Morgenjournal 27.04.2010

Geschlossene Blöcke

Dass König Albert II. nichts anderes übrig geblieben ist, als den Rücktritt des Ministerpräsidenten Yves Leterme anzunehmen, verschärft schlagartig die belgische Krise. Denn in Belgien stehen jetzt die Parteien, egal ob Christdemokraten, Liberale oder Sozialdemokraten, entlang nationaler Frontlinien gegeneinander. Die flämischen Parteien machen geschlossen Block gegen die französisch sprechenden Wallonen und umgekehrt. Die verzweifelten Vermittlungsversuche des angesehenen Ex-Premiers Jean-Luc Dehane, der in beiden Volksgruppen anerkannt wird, sind gescheitert.

Neuwahl kurz vor EU-Vorsitzperiode

Nachdem alle Kompromissversuche gescheitert sind, muss König Albert II. entscheiden, ob es noch Sinn macht, eine neue Regierungsbildung zu versuchen oder ob Neuwahlen unvermeidlich sind. Die müssten wahrscheinlich Anfang Juni stattfinden, drei Wochen vor der am 1.Juli beginnenden belgischen Präsidentschaft in der Europäischen Union.

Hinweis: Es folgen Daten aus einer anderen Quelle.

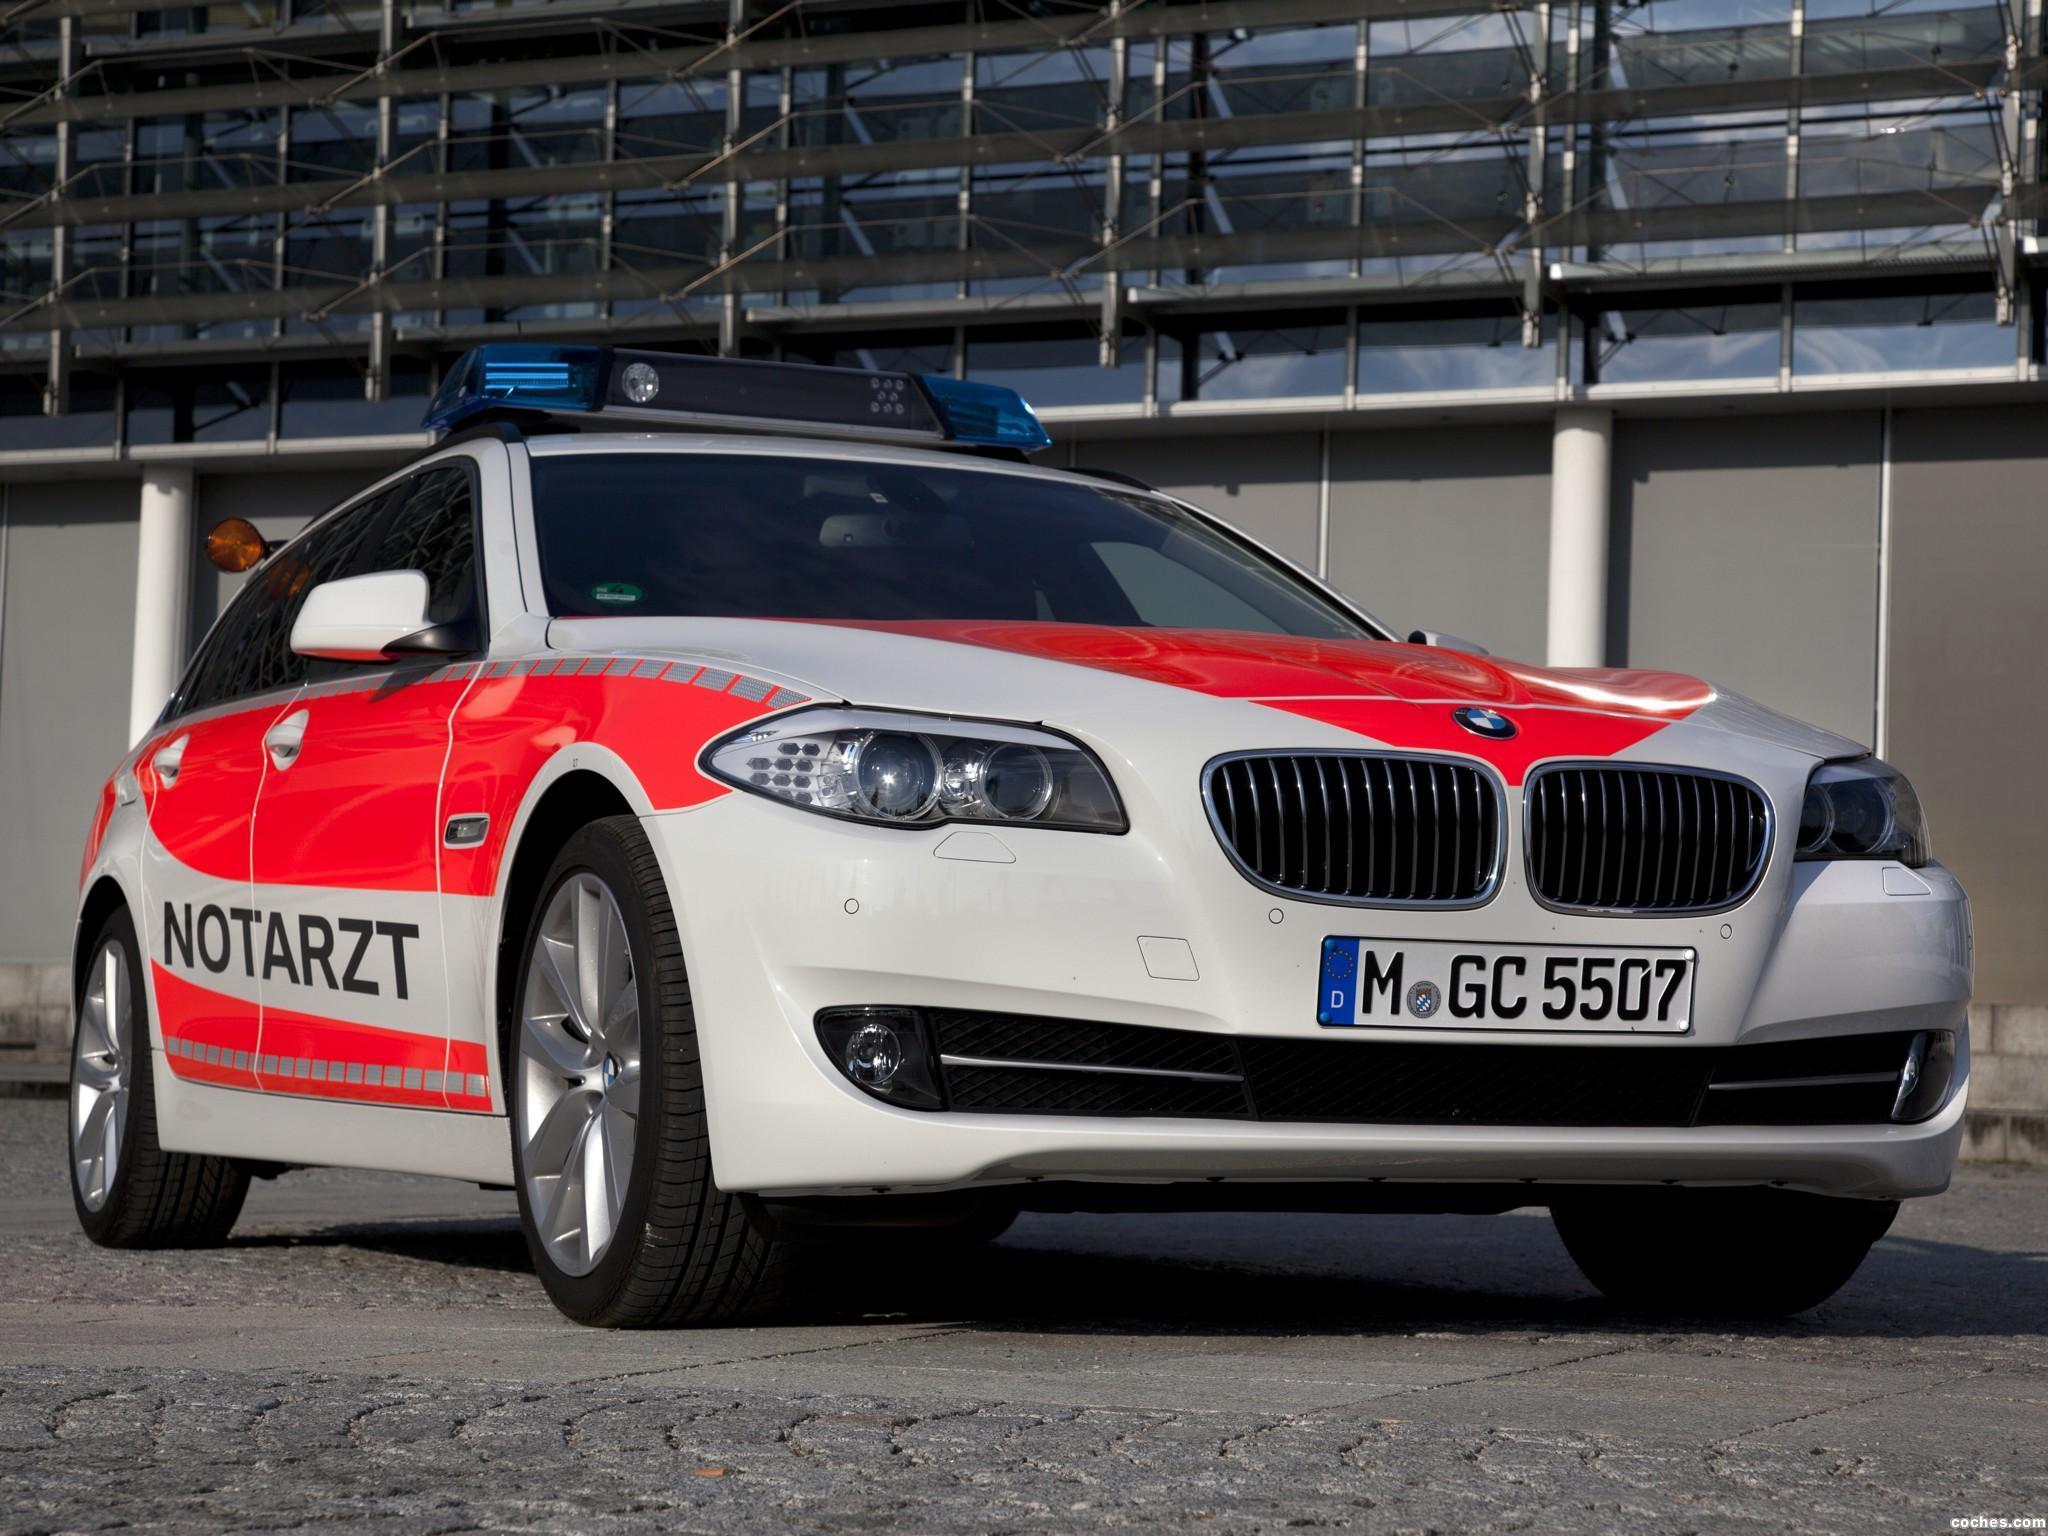 Foto 0 de BMW Serie 5 Touring Notarzt F11 2011

Präsidentschaft ohne fixe Regierung?

Schlagartig sind in den letzten Tagen wieder separatistische Parteien vom rechten Rand in den Vordergrund getreten, die für ein unabhängiges Flandern werben. Schneiden sie gut ab bei Wahlen, dann wird eine Regierungsbildung extrem schwierig und kaum innerhalb weniger Wochen abzuschließen sein. Belgien müsste seine Präsidentschaft ohne fixe Regierung beginnen, ein ziemliches Horrorszenario.

Ständiger Präsidenten als sicherer Anker

Für die EU beruhigend ist, dass es dank des Reformvertrages auch den ständigen Ratspräsidenten Herman van Rompuy gibt, der ebenfalls aus Belgien kommt. Ihm traut man zu, auch ohne klare Verhältnisse im belgischen Brüssel das Brüssel der EU funktionstüchtig zu halten.

Ende der Kompromisse?

In Belgien war es in der Vergangenheit immer so, dass sich auch in den verfahrensten innenpolitischen Krisen ein erfolgreicher Vermittler gefunden hat, der eine Eskalation des Streits zwischen den Volksgruppen verhindert hat. Diese Kompromissfähigkeit scheint zu schwinden. Die Sorge ist unüberhörbar, dass aus der Regierungskrise diesmal eine belgische Regimekrise werden könnte.